“Fashion Is a Way”—How Pharrell Williams’s Philosophy Could Make Him and Louis Vuitton a Great Fit (Plus Great Fits)
All of this suggests that Williams will bring the best of himself to Louis Vuitton. And even if he hasn’t gone to fashion school—the most common criticism being slung his way online—there’s no doubting that he’s enjoyed a pretty incredible education. Just one example: Last September in Paris, Vogue’s Anna Wintour invited Williams to speak at the announcement of this year’s Metropolitan Museum of Art’s Costume Institute Exhibition. Introducing Andrew Bolton, who is curating “Karl Lagerfeld: A Line of Beauty,” Williams said: “I first heard about Chanel through The Notorious B.I.G…. [but] I never thought in a million years that I would ever meet Karl. You see, he had a vision for lifestyle and design. His creativity was always led by a narrative. There was always a story. For him, everything was about a scene. If you knew what the scene was, then you knew the kind of people that were there. And if you knew what kind of people that were there, then you knew what they were wearing. And most likely what they were thinking.”

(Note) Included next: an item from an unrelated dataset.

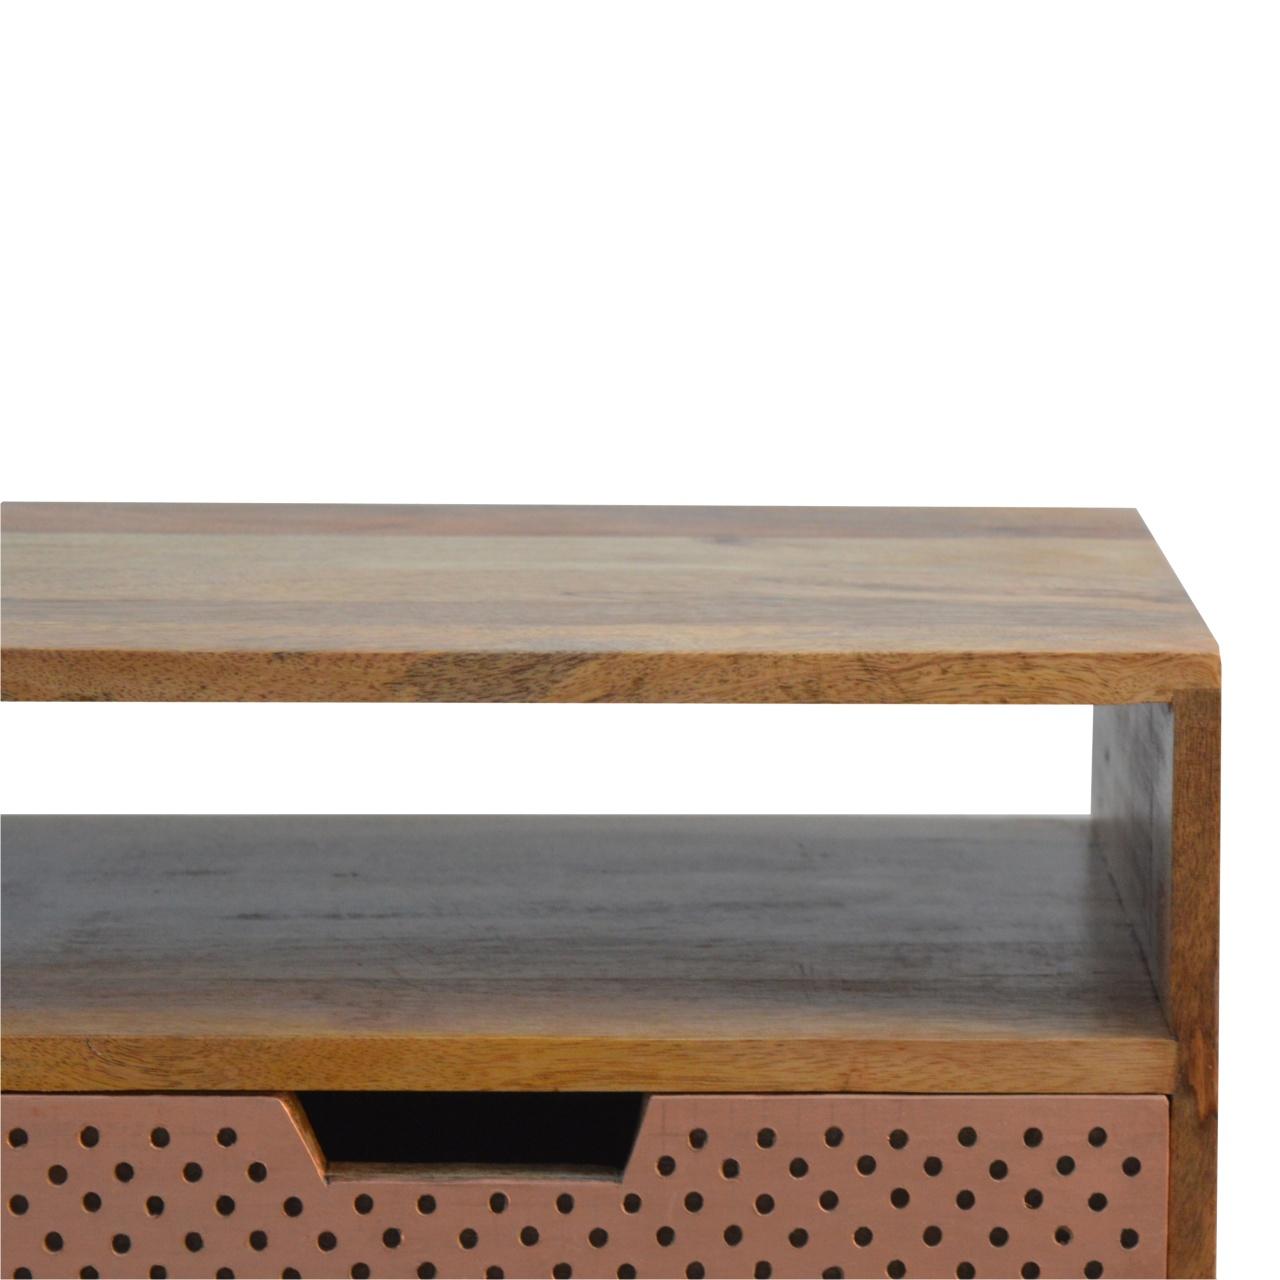 Perforated Copper Bedside With Open Slot
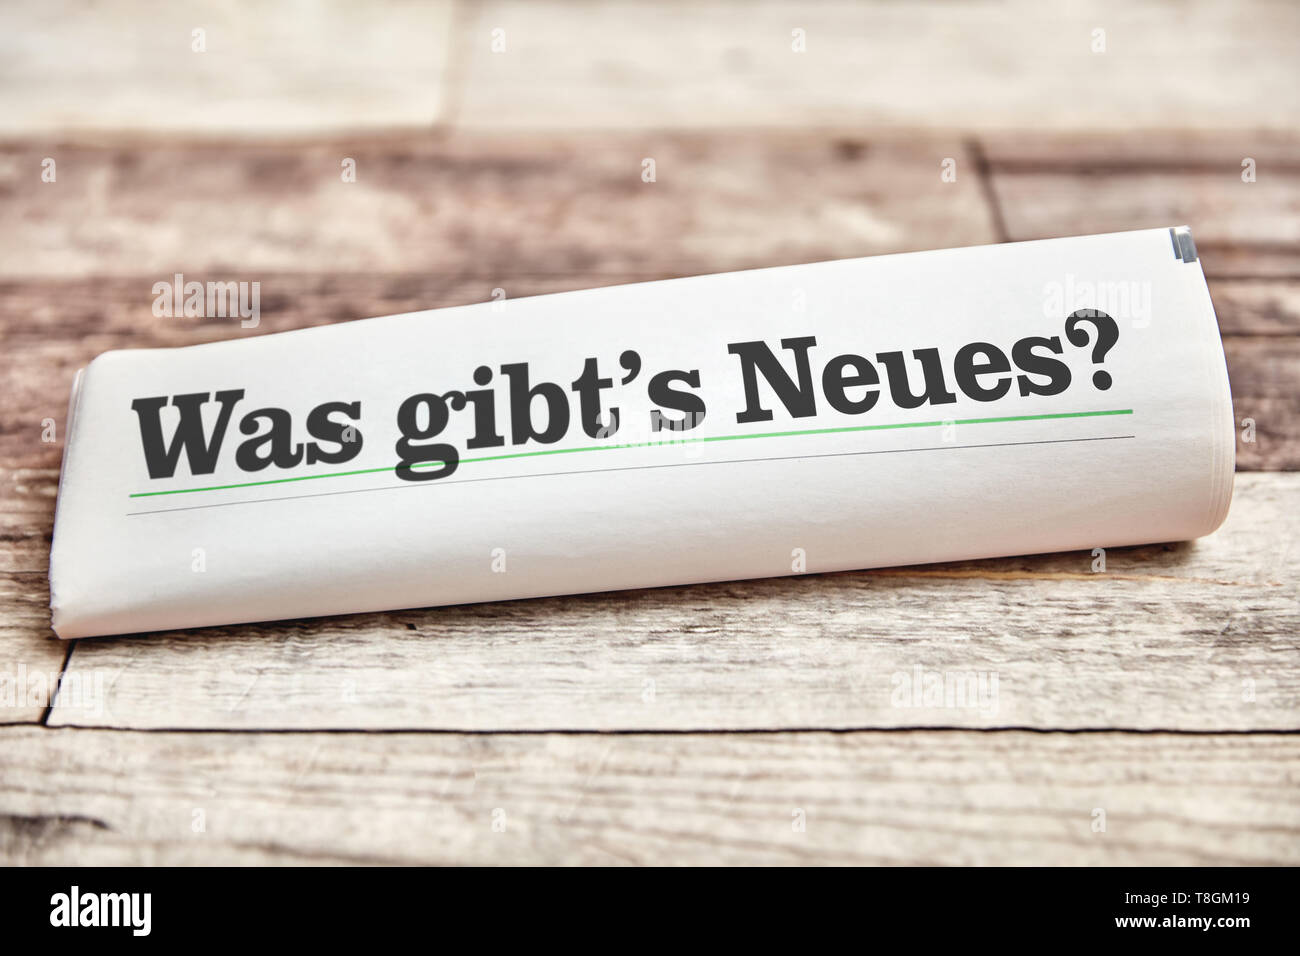 German slogan 'Was gibt's Neues?' (What's new?) is on front page of a folded newspaper on a wooden table Stock Photo

He later added: “Detail is what made him so good. Karl was the ultimate collaborator—he would embrace others’ ideas and come back with them bifurcated a thousand-fold. He had an innate ability to be deeply and subliminally personal, and was a master at communicating in ways that usually words never could… I’m inspired to carry his true love and partnership into my own creative process. And I know that I feel super lucky—no pun intended—I feel super fortunate to be able to tell people: Man, I was there. I saw it. I felt it. I experienced his energy.”
One last point of reference comes from one of Pharrell’s own OTHERtone podcasts, his first of 2021, in which he was joined by Virgil Abloh (plus Scott, KAWS, and Fam-Lay) to discuss creativity. When Abloh mentions being in the Vuitton studio, Williams acknowledges the mic-drop power of that achievement. And later, after Abloh has referred to the inflatable sculpture he had just commissioned the LV studio to prepare (for what would prove to be the house’s first show after his sudden death), the designer discusses his legacy.
Abloh says: “What I would be more impressed by is if the next candidate for a house, the next head designer, has this multidisciplinary background—comes from not a fashion school, and thinks in a different dimension. Let him get a shot.”
Williams—of course unwitting of the future to come—adds: “And what I love about you [meaning Abloh] is you really get and exercise the idea that we need to be holding open the doors that we got through. And there hasn’t been a lot of that. You know, in fact, there are people who superglue the doors behind them shut! We do the exact opposite. We hold the doors open. We share the codes.”
Pharrell Williams to Louis Vuitton is, for sure, a “celebrity hire.” Colm Dillane did a great job at January’s most recent LV mens show—a really great job, from where I was sitting—but the house felt obliged to help him fill menswear’s biggest single stage with Rosalía and other collaborators. Williams has the wattage to fill that stage alone. And should he elect to hold the doors open, following the legacy of Lagerfeld and Abloh and leaning on the input of Nigo [with whom he co-owns the streetwear brand Human Made], and define his intentional approach to Louis Vuitton’s output, then you suspect that he will find his way—a.k.a. fashion.